Problem Solved.....Went back to machine shop with crank in hand. 2nd time micropolishing this crank following the knife-edging, lightening, and balancing. I am also running ceramic coated bearings all the way around this motor(Main bearings and Rod bearings sourced from 034)

























Clearances are good all around. Bottom end is buttoned up, with oil system in place. The R head is next on the To Do list. This is a R32 24v head that will go on my 2.9L bottom end. 
ARP Billet main caps + studs
Integrated Engineering rifle drilled rods
ARP 625+ rod bolts
82mm 8:5:1 JE pistons(dome and skirt ceramic coated)
The head is an R32 head sourced from Issam. I believe it is out of a Toureg. I am using the stock valves, with a 5 angle valve job. 034 Dual Spring kit with titanium retainers and a set of TT 264/260 cams will help me safely rev to 8200rpm. C2 management is already in hand, but I do need to order injectors to match. 550cc will be used. Down the road, possibly in a different vehicle, I will look to do a Pro-Maf and a big bump in injector and possibly a GT40. This would be in AWD set up WAY WAY down the road.
























Block is powdercoated BMW Performance Gold. 
























Downpipe custom made by Arnold @ Pag Parts plus Pag Exhaust Manifold
Downpipe is coated by SwainTechnologies White Lightening. Manifold and hotside of turbo is also ceramic coated by Arnold.
















Garrett GT3582 T4 w/ precision covers 0.68AR put together by Pag Parts








AWIC system w/ trunk mounted resevoir:









Thanks for looking. This is a 3+ year build that has had its ups and downs.
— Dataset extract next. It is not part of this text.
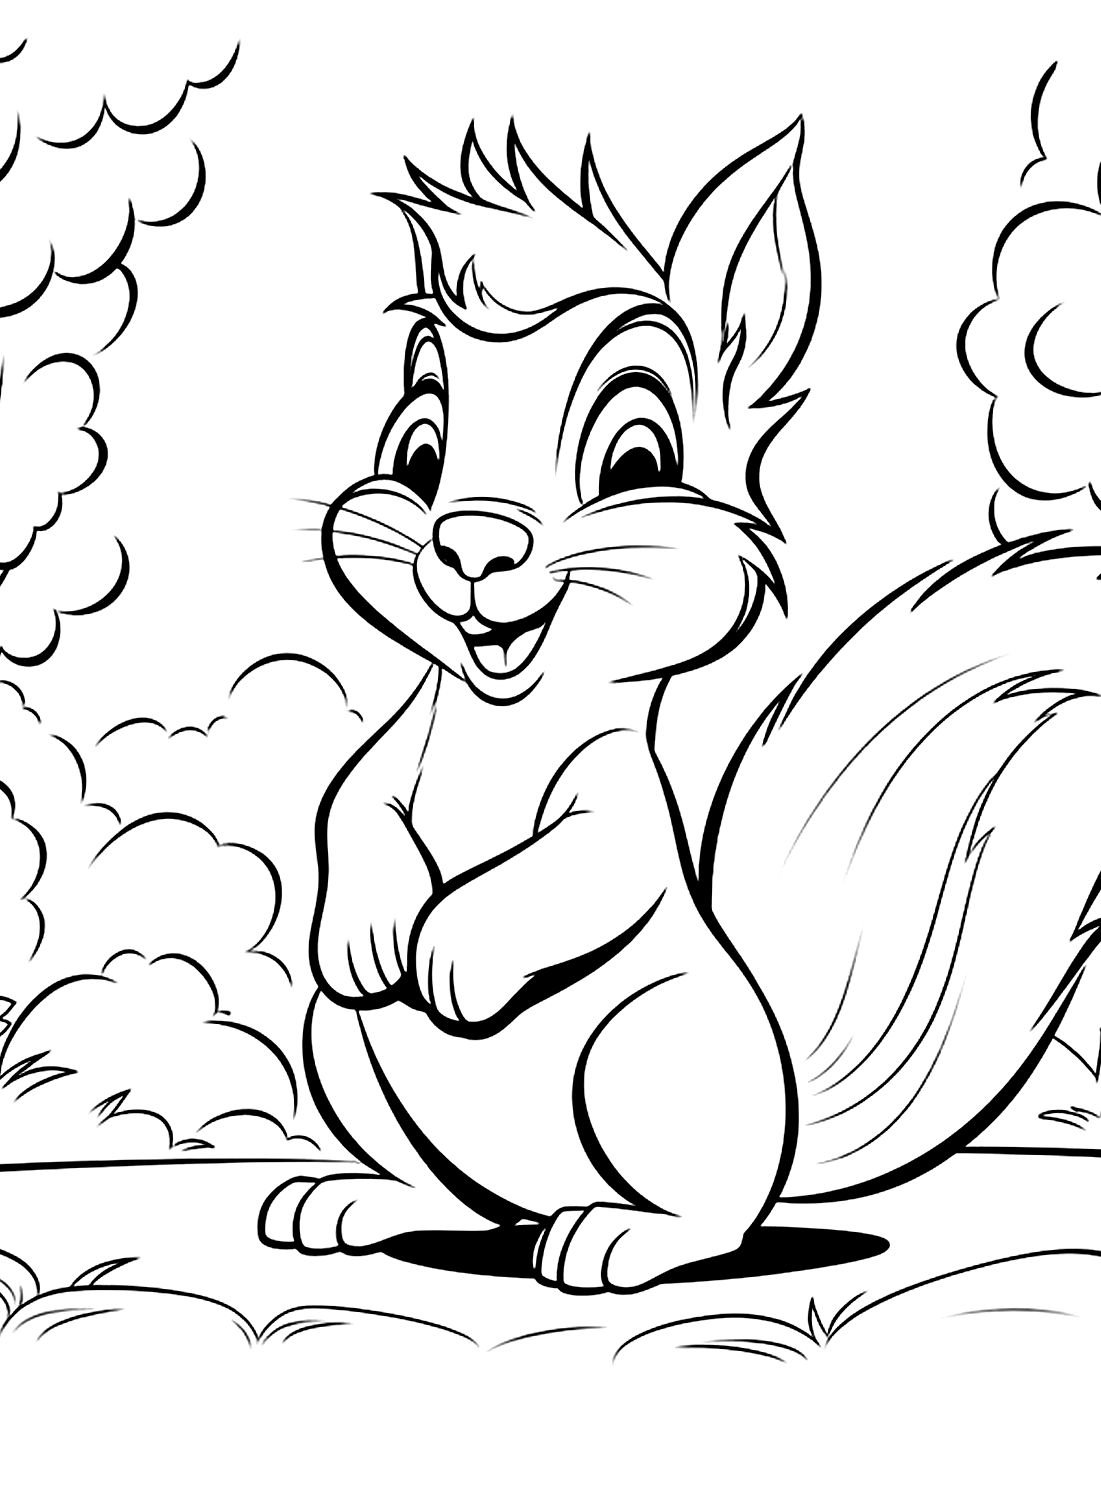 Eichhörnchen-Malvorlage zum Ausdrucken bei Squirrel

After way too much time planning, purchasing, and finally building, I plan on having my 24v VRT on the road before the end of the year.


----------



## huichox4 (Nov 8, 2004)

Well it seems that you have the issue resolved, but My machinist mentioned that the coated bearings sometimes need a bit of rubbing with a scotch green pad for this same reason. I guess I was too late for you instead of going back to the machinist. 
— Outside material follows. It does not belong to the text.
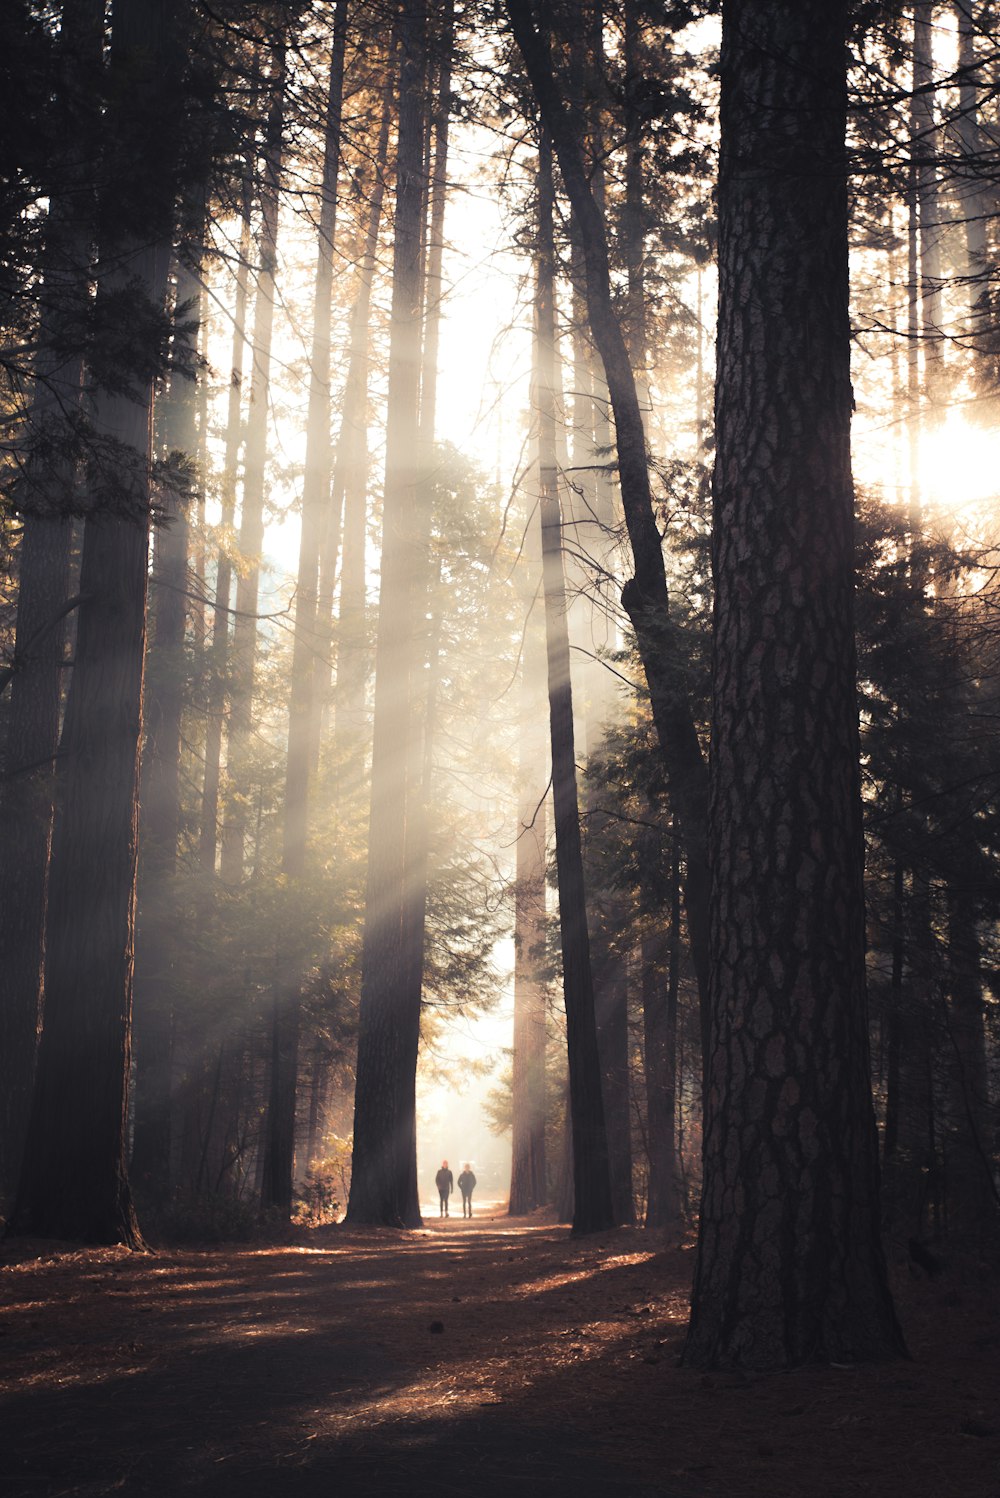 dos personas caminando en medio de árboles altos

I am using those 034 bearings and so far so good. over 400+awhp and 460+awtq I will be pushing more now that my setup changed but still need to figure out an electrical bug :banghead:

Also HPA uses coated bearings I think so they must be good.


----------



## INA (Nov 16, 2005)

KubotaPowered said:


> I don't like using the coated bearings for that reason. I have yet to see a good rebuild on new stock bearings fail on a FI VR6. Stick with what works


I am pretty sure I read this thread and attempted to reply to it but then got side tracked.
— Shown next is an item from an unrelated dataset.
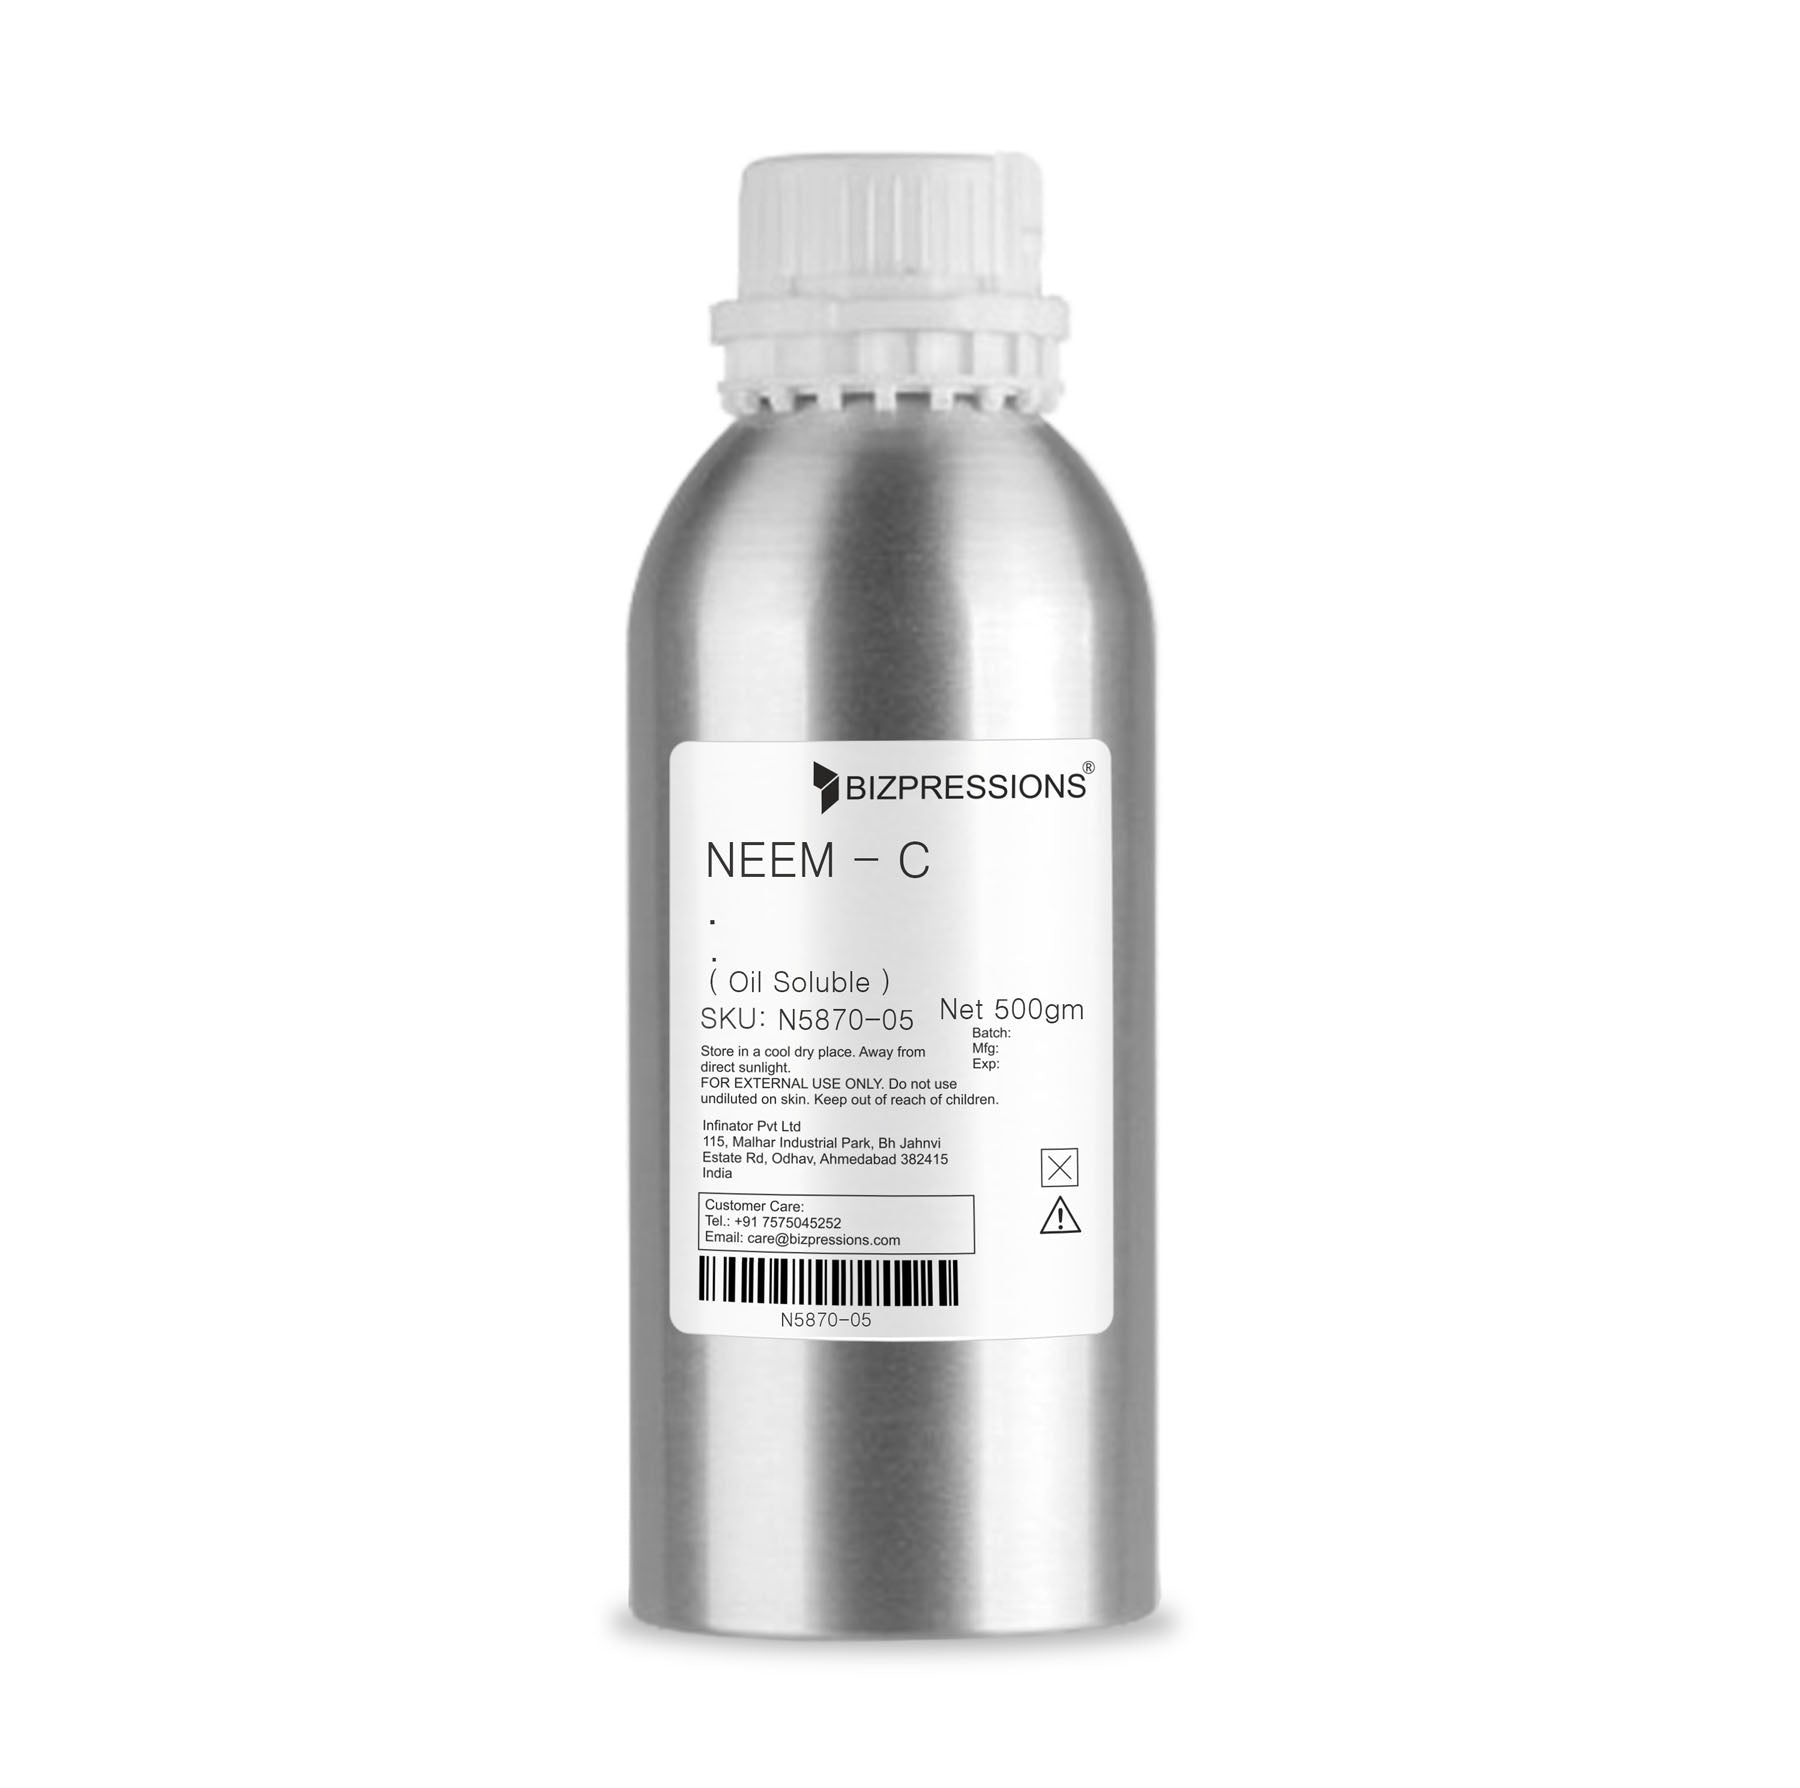 NEEM - C - Fragrance ( Oil Soluble ) - 500 gm

FWIW , Bentley W12 bearings are coated from the factory and the 034 coated bearings are the same as what Calico has been offering.
I have read some comments across the forum where people say "dont buy the 034 bearings , buy Calico"

6 of one , half of dozen of the other....nothing wrong with coated bearings considering the cost involved to get them (less than 40% over what the OEM bearings are worth).

Looking good Joshua.


----------